WHAT TO PRODUCE — From the data below, repeat exactly the lines from the line with "Channellock TOOL ROLL-3" to the line with "MUSCLEXP Black &", both included.

RECORDS FOR PROCESSING below:

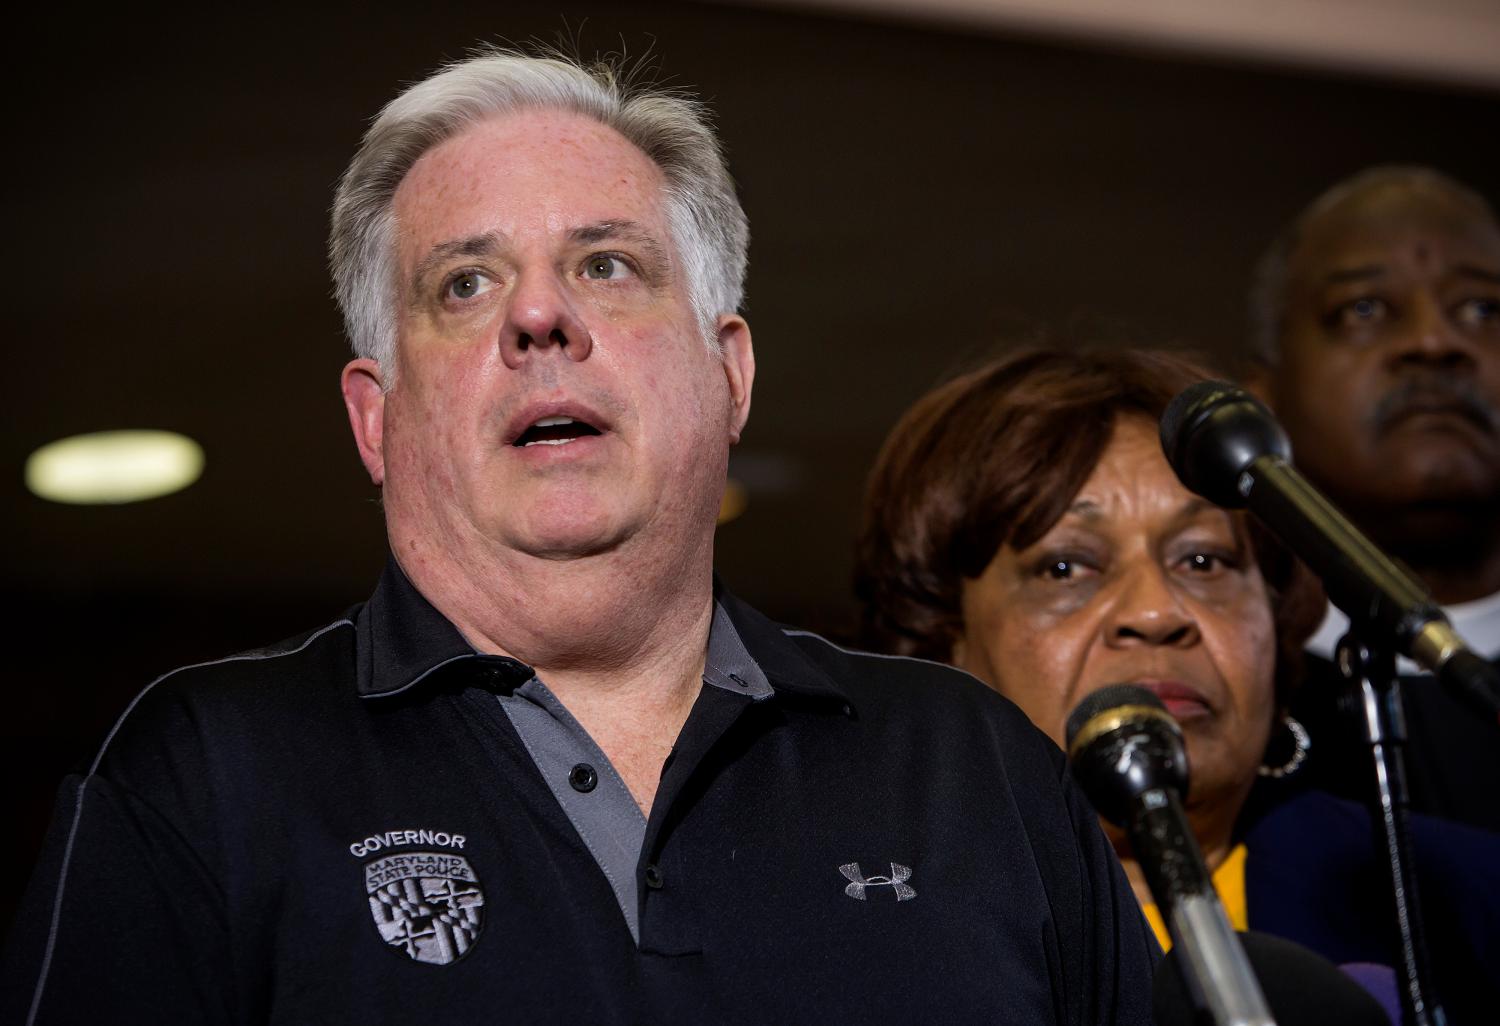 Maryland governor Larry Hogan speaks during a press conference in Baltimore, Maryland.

End of RECORDS FOR PROCESSING.
RECORDS FOR PROCESSING below:

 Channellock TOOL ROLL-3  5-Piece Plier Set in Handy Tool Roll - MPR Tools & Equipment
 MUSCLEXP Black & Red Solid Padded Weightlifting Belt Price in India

End of RECORDS FOR PROCESSING.
RECORDS FOR PROCESSING below:

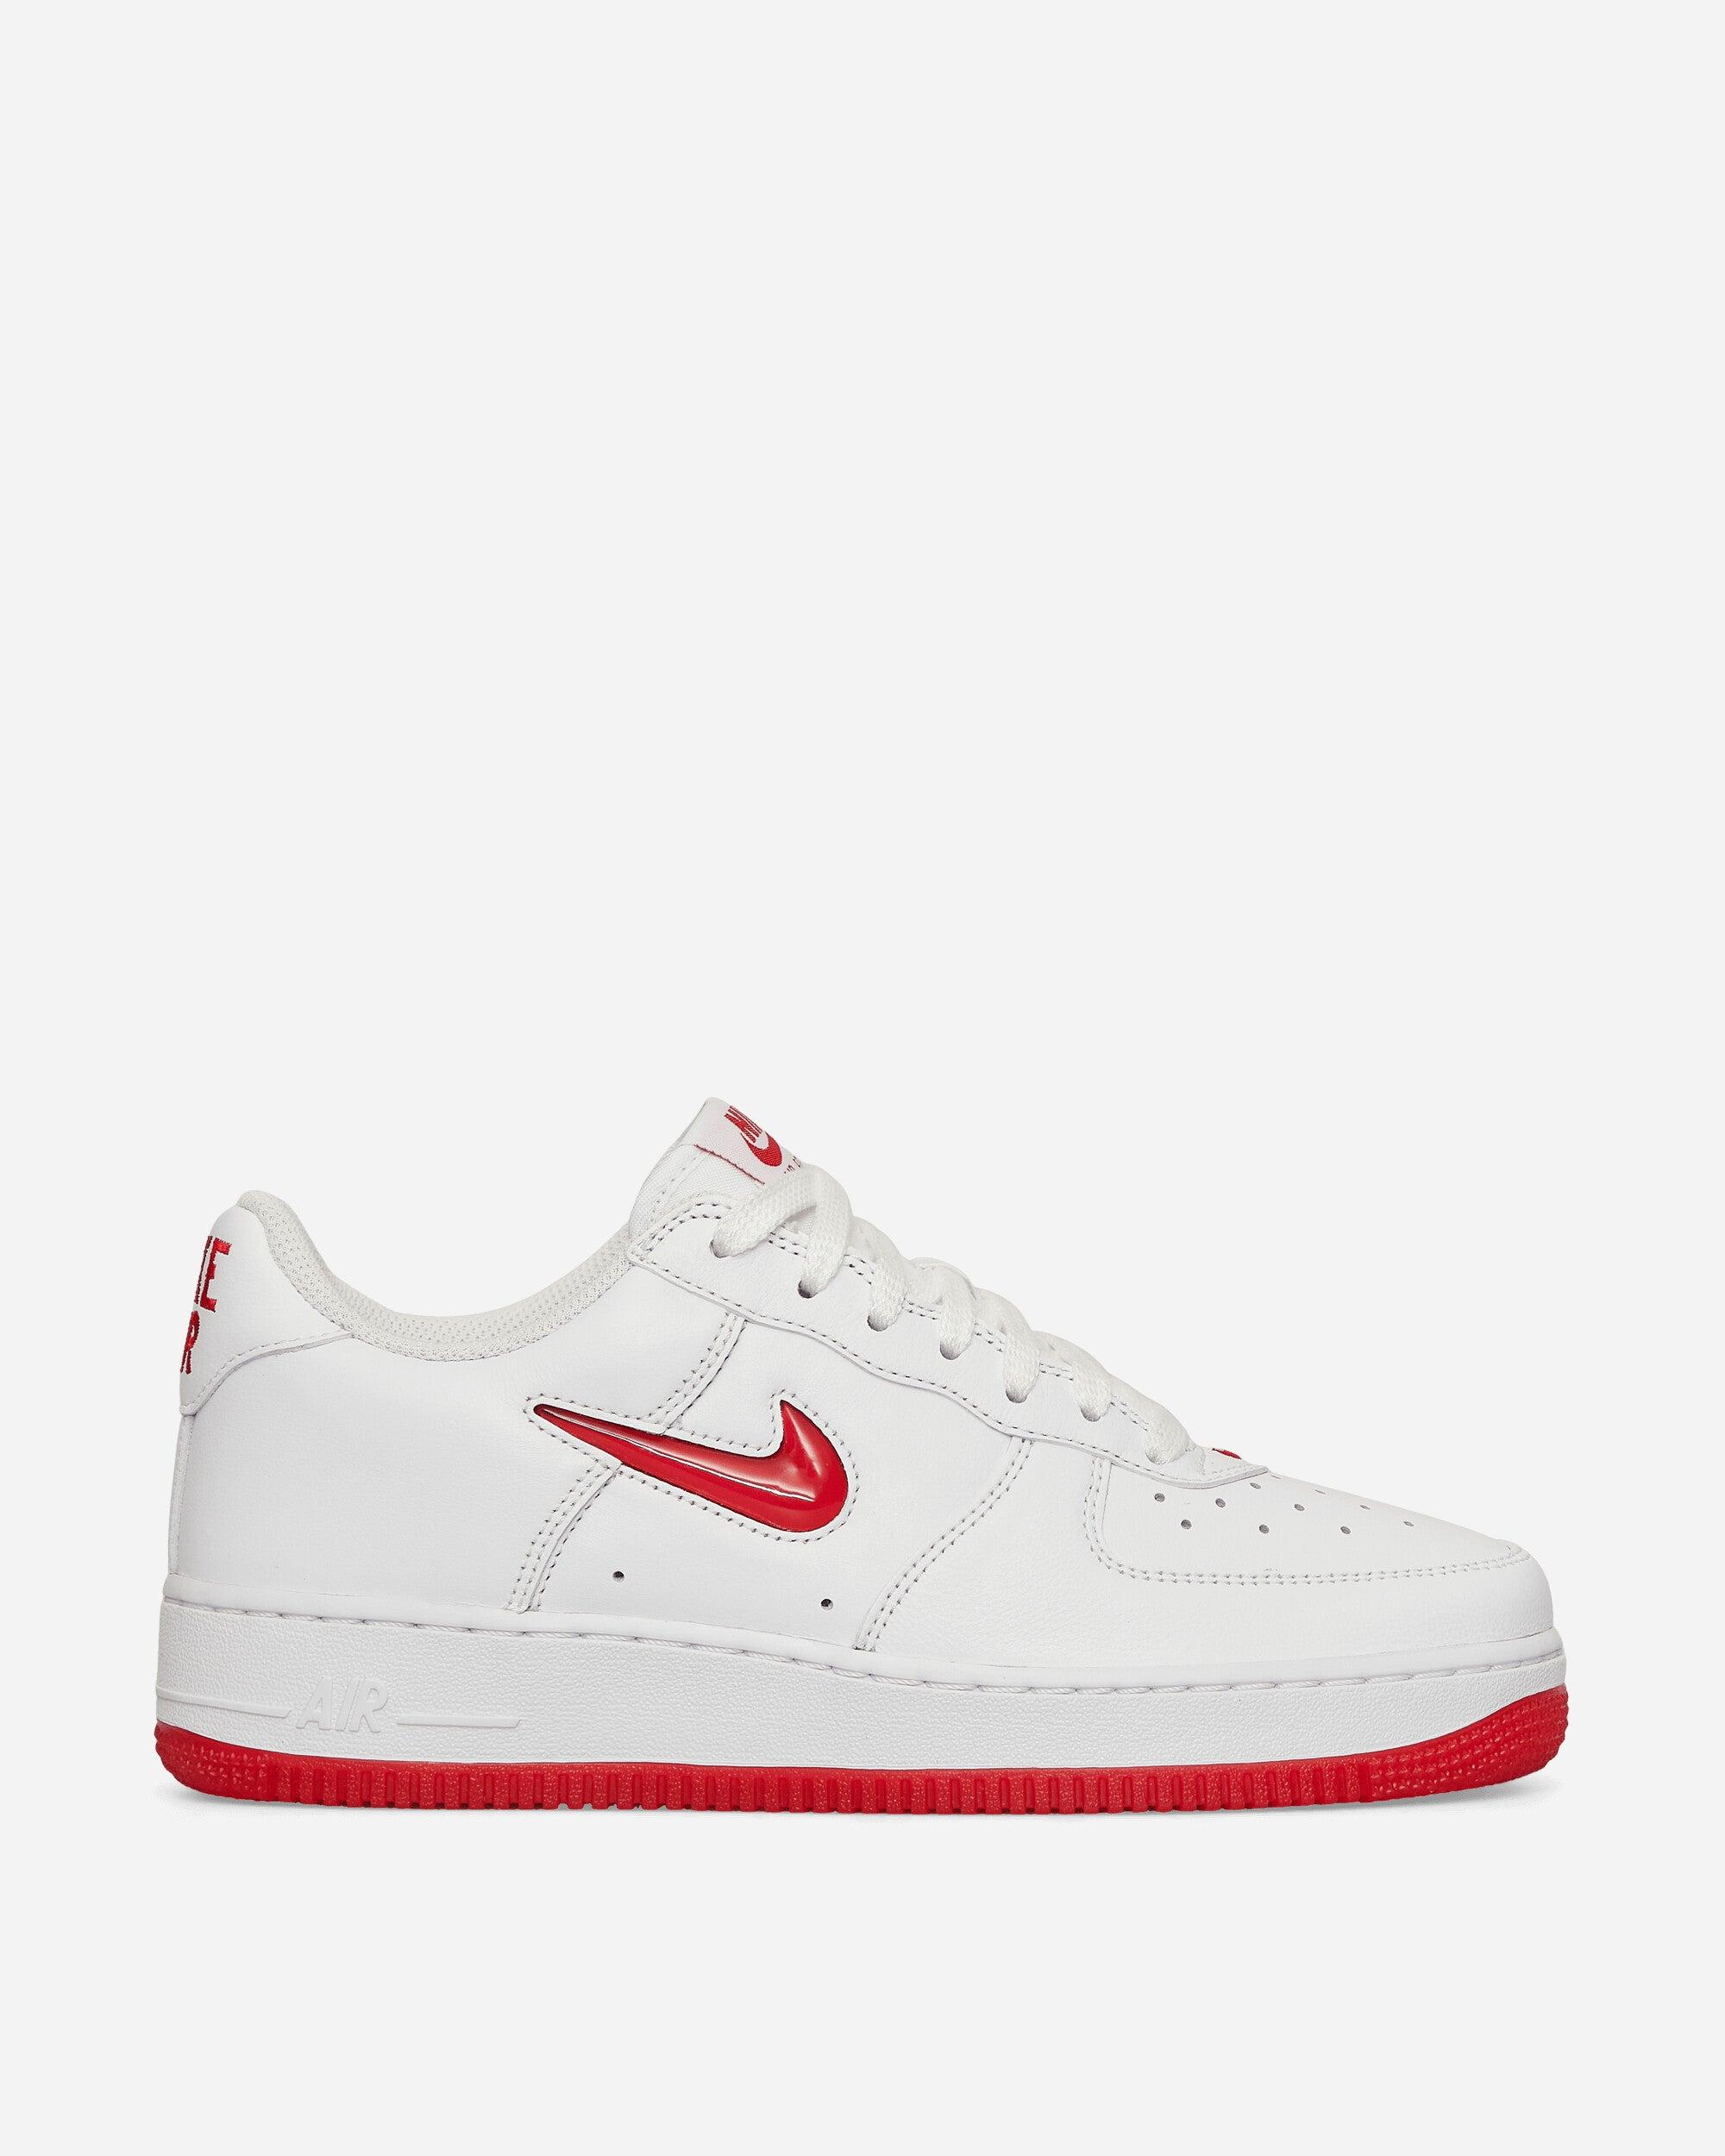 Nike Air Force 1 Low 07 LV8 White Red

End of RECORDS FOR PROCESSING.

SOLUTION TO THIS PROBLEM —
 Channellock TOOL ROLL-3  5-Piece Plier Set in Handy Tool Roll - MPR Tools & Equipment
 MUSCLEXP Black & Red Solid Padded Weightlifting Belt Price in India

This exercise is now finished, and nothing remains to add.